郑禹胜走过来,轻轻把她额前的发丝拨到耳后,什么都没说,却把目光深深地落在她身上,像是想把她完整刻进眼底。
她抬头看他,眼神里闪过一丝慌乱,嘴角弯起一抹笑。
“看什么啊?”她轻声问。
“看你。”他答,简短却真切。
拍摄的安排就那些,拍完差不多天黑,确定今天的内容都可以,不需要保一条后,在天完全黑下来的时候,两人一起坐公交车回屋塔房。
车里的人很少,灯光昏黄,窗外是被雨水洗过的城市,路灯在湿滑的路面上拉出细长的影子,街边便利店、夜摊、来来往往的行人,一切都显得柔软而陌生。
谢安琪靠在窗边,脸贴着微凉的玻璃,看着窗外不断后退的景色。
“我小时候经常坐公交,喜欢坐最后一排。”谢安琪忽然开口,声音轻柔。
“为什么?”他问,侧头看她。
“因为最后一排可以看见所有人,感觉很安全。”谢安琪说完,转头看他,眼底有一点笑意,却被泪光轻轻覆住。
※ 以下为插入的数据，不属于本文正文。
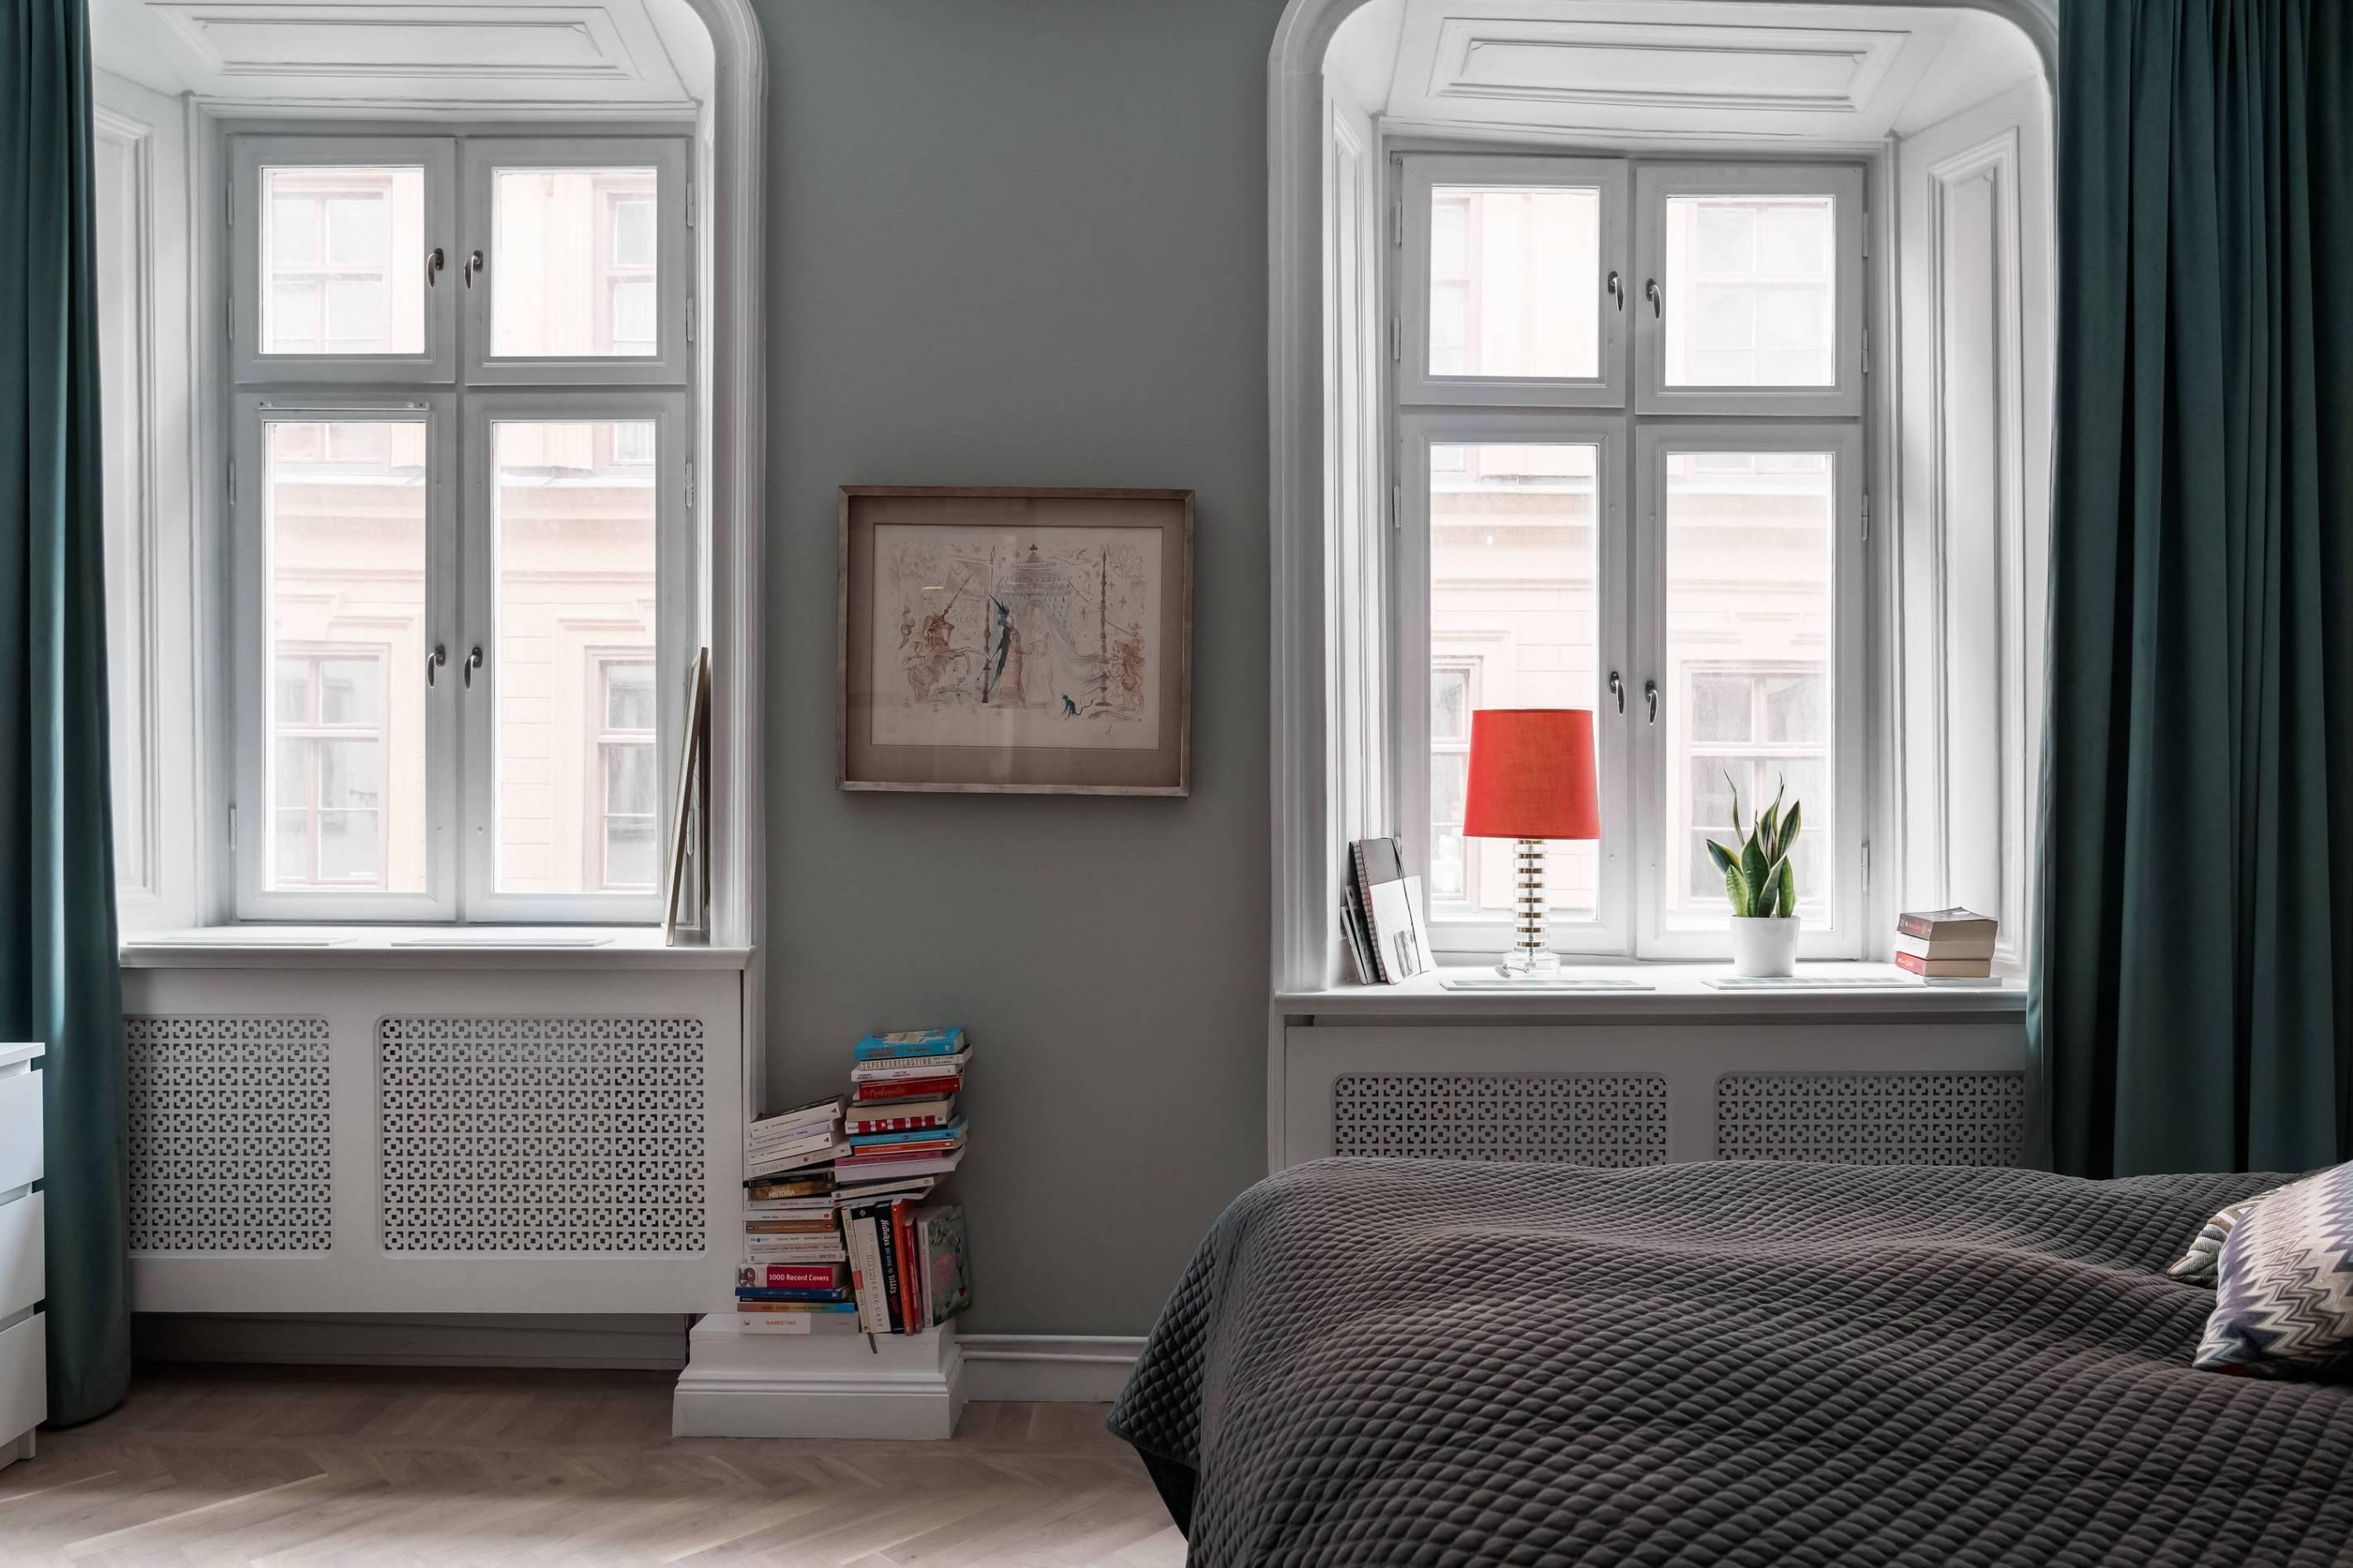 спальня экран радиатора окно откосы

郑禹胜没有说话,只是抬手,慢慢握住她放在座椅上的手。
她低头,看着两只手紧紧贴在一起,指尖缓缓收紧,最后抬头,对他笑了。
公交车开到汉江过桥路段时,窗外一片黑漆漆的水面,只余远处零散的船灯。
谢安琪眼神微动,轻轻开口:“以后,我们也可以坐船,从一头漂到另一头,什么都不想,只看水。”
“好。”他答,声音很低。
“还有……想和你一起去看一场夏夜的露天电影,吃爆米花,躺在草地上。”她一条条说,像在默背一张私密的清单。
“都做。”他说。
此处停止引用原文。